Dynamic compression behavior of 6005 aluminum alloy aged at elevated temperatures

Abstract

In this study, relationship between dynamic compression behavior and microstructure of 6005 aluminum alloy artificially aged at elevated temperatures in the range of 180 °C to 330 °C for 0.5 h was investigated. Dynamic compression response at strain rates from 1200 s−1 to 2700 s−1 was studied using a modified split Hopkinson pressure bar system. It was observed that aging temperature has profound influence on generation of microstructure and resulting properties of the alloy. It is widely known that an increase in hardness of Al-Mg-Si alloys results with increase in aging temperature and aging time.

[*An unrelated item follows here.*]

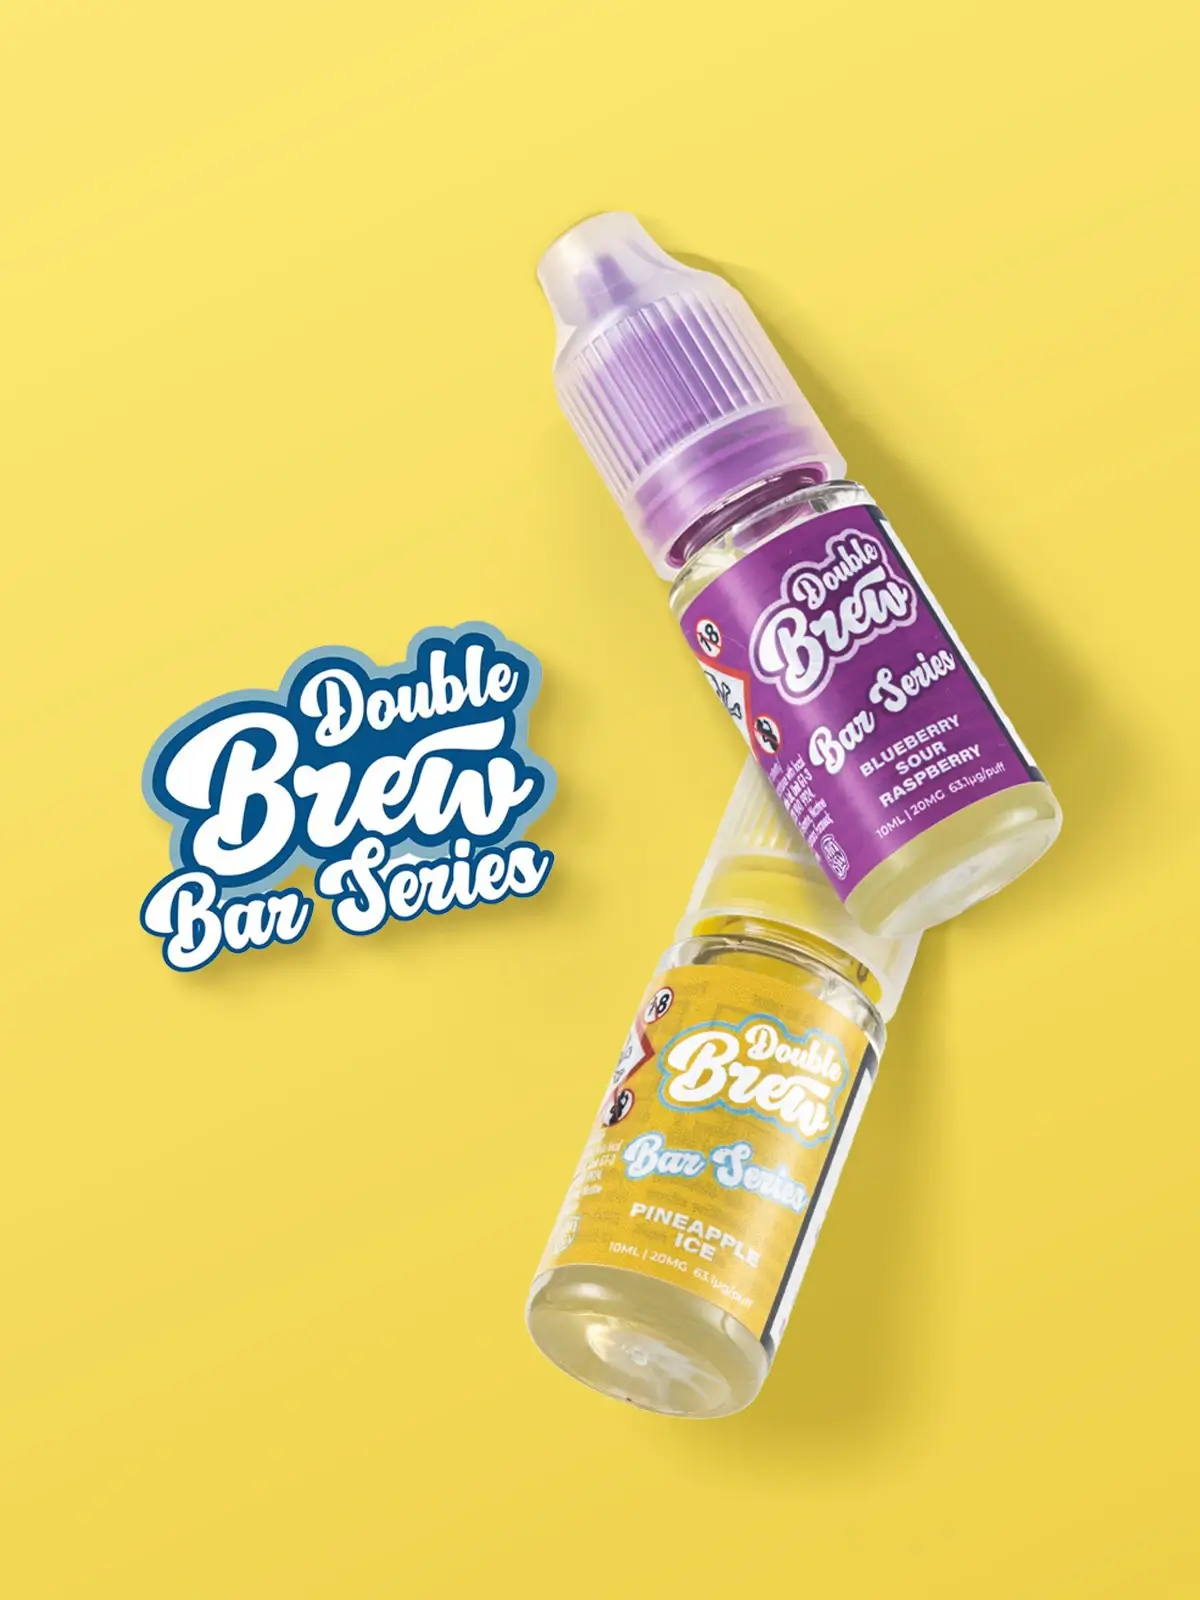 Two bottles of Ohm Brew Double Brew along with the collection's Logo floating in front of a bright yellow background

This can be attributed to the formation of dense population of metastable β'' precipitates in the microstructure of peak aged Al-Mg-Si alloys. Energy absorption was observed to increase while there was no obvious change in the dynamic stress strain behavior with increasing strain rate. However, dynamic stress-strain behavior exhibits an evident dependence on aging temperature which has an influence on the initial microstructure. At constant strain rate, homogenously distributed fine needle like β'' precipitates were observed in the alloy aged at 280 °C. This alloy exhibits higher strength but lower energy absorption in comparison with the alloys aged at other temperature. Results show that dynamic stress-strain behavior is sensitive to precipitates while aging at 280 °C for 0.5 h is sufficient for obtaining excellent precipitation strengthening and better energy absorption ability under dynamic compression.